British soldier, Victoria Cross recipient

Colour Sergeant Joshua Mark Leakey (born 1988) is a British soldier currently serving in the Parachute Regiment. In 2015, Leakey was awarded the Victoria Cross, the highest military decoration for valour in the British and Commonwealth armed forces, for his involvement in a joint UK–US raid in Helmand Province, Afghanistan, on 22 August 2013. He was the only living British soldier to be awarded the Victoria Cross for the War in Afghanistan and the last person to receive it from Queen Elizabeth II.

==Early life and family==
Leakey was born in 1988 in Tampa, Florida, US. He is the son of retired RAF officer and former director of the Armed Forces Christian Union, Air Commodore Mark Leakey, and his wife Rosemary, an occupational therapist. He has a younger brother Ben.

Leakey was educated at Witham Hall preparatory school and, from 1999 to 2006, Christ's Hospital, a private school in Horsham, West Sussex. He began a degree in military history at the University of Kent but dropped out during the first term to join the army.

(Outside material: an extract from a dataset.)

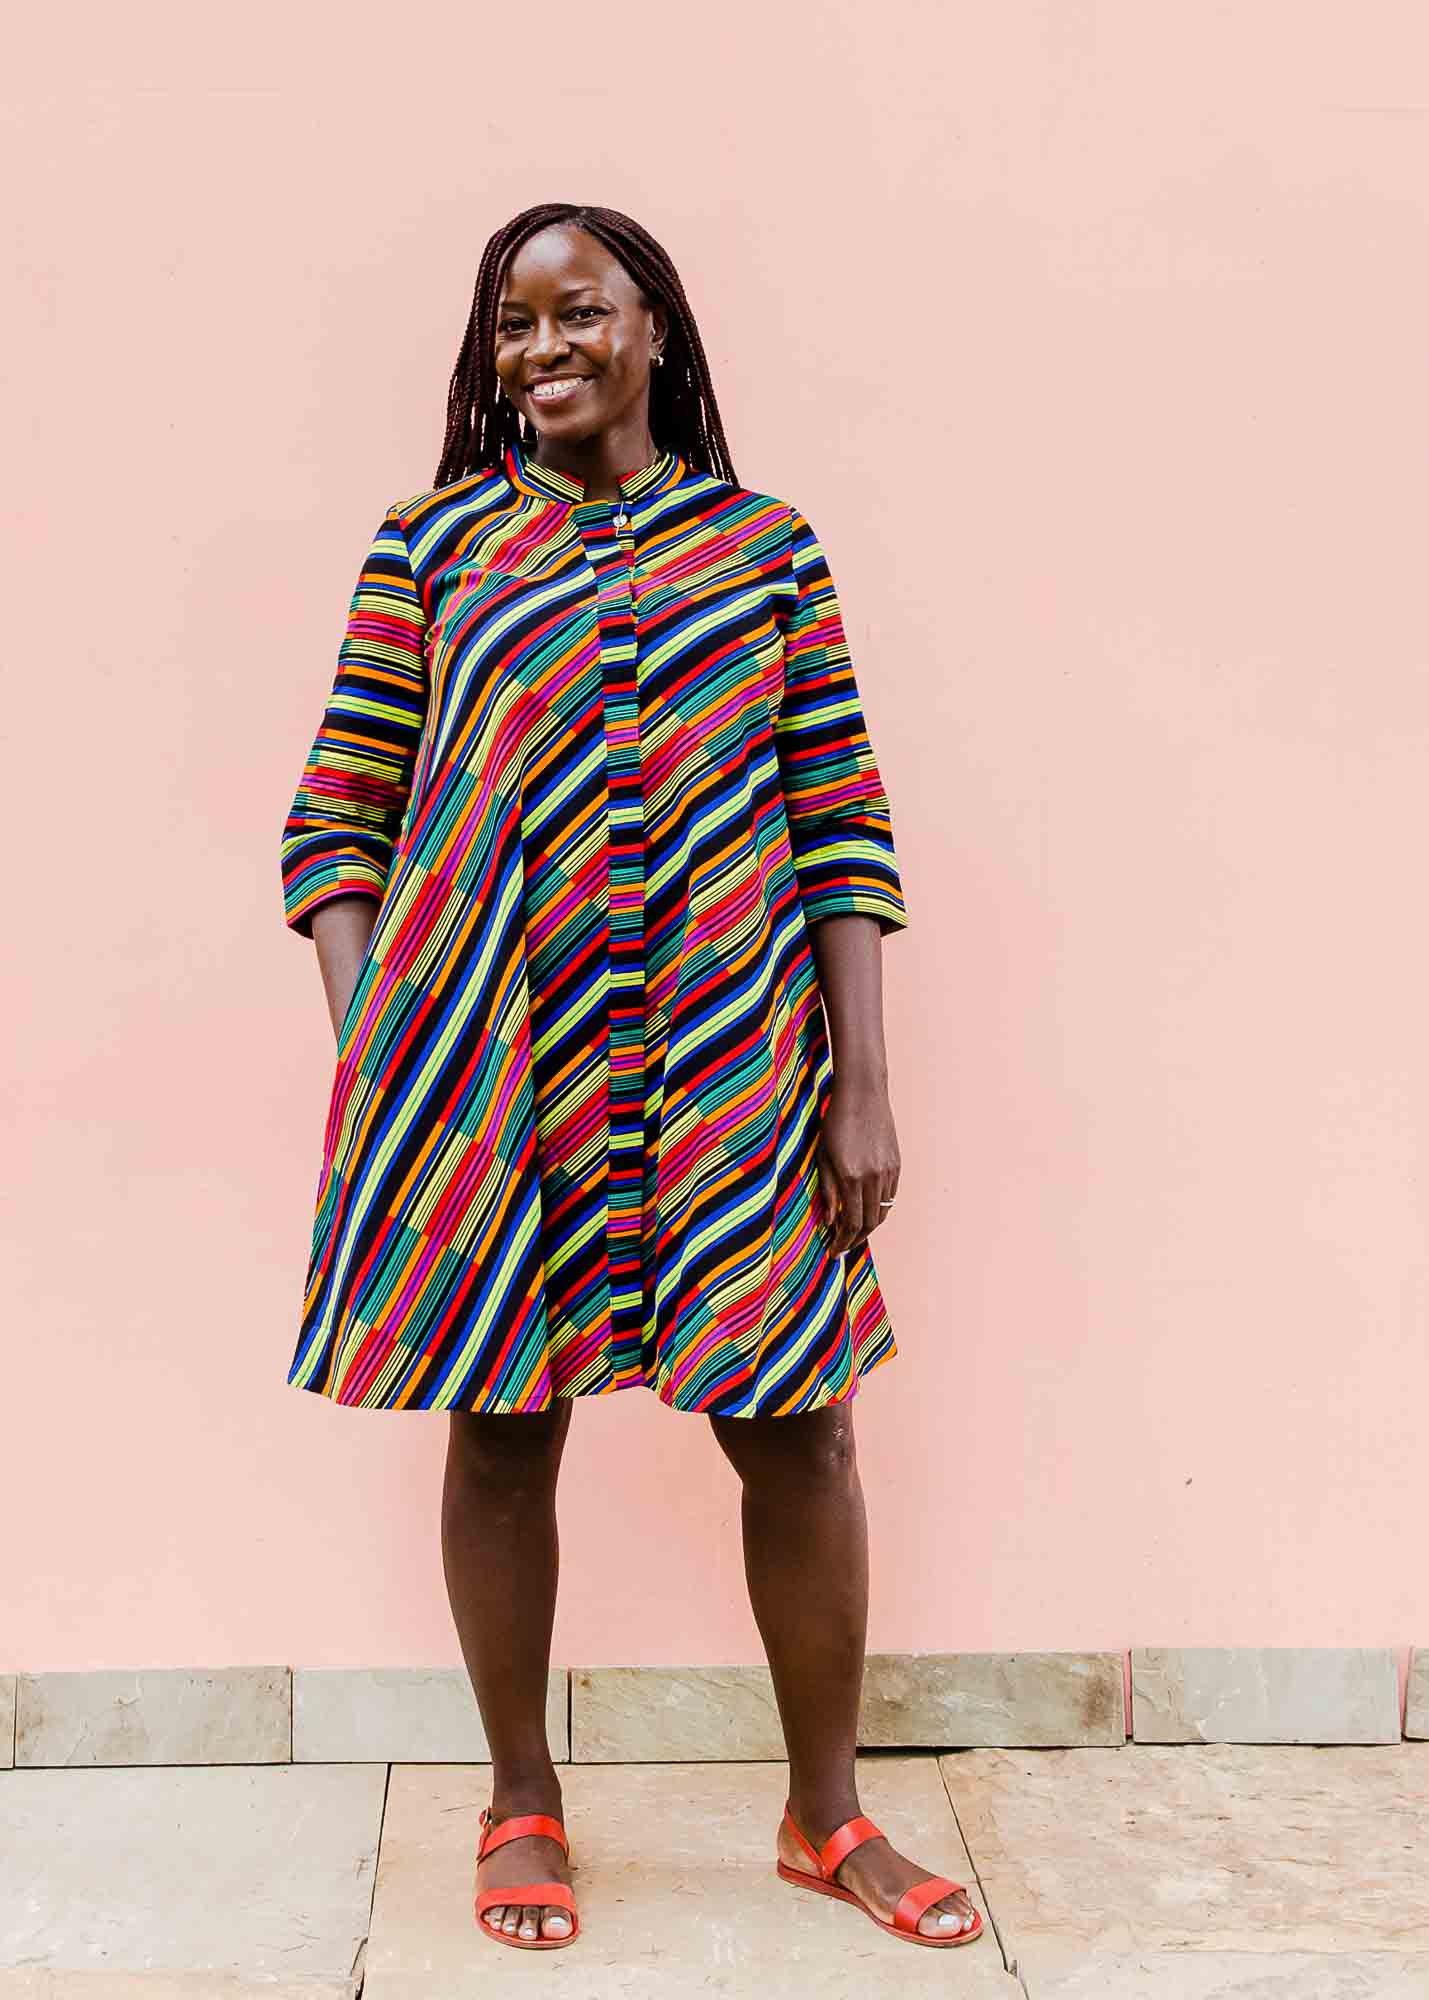 model wearing a rainbow striped dress

He is the second member of his family to be awarded the Victoria Cross. His second cousin twice removed, Nigel Leakey, was posthumously awarded the medal during the Second World War. Lieutenant General David Leakey, the former Black Rod and former senior British Army officer, is the son of Nigel's brother Major General Rea Leakey.

==Military career==
Leakey joined the British Army in 2007 and was subsequently posted to the 1st Battalion, Parachute Regiment. He served three tours of duty in Afghanistan during Operation Herrick: in 2009, 2011 and 2013.

===Victoria Cross action===
The actions for which Leakey was awarded the Victoria Cross occurred on 22 August 2013 in Helmand Province, Afghanistan. A routine joint patrol composed of British paratroopers, US Marines and Afghan soldiers had targeted a village to search for illegal weapons. Having been flown into the area in Chinook helicopters, the patrol was attacked by machine gun fire and rocket-propelled grenades soon after dismounting. Leakey's helicopter landed on a hill near the village and he, with three other paratroopers and an Afghan soldier, were to provide fire support for the main segment of the patrol. From their vantage point, his section could see the attack and heard over their radio that someone had been injured. Leakey ran up the hill to assess the seriousness of the attack and concluded that urgent action was needed. Though he was only a lance corporal, he took control of the situation and led his section down to the group under attack.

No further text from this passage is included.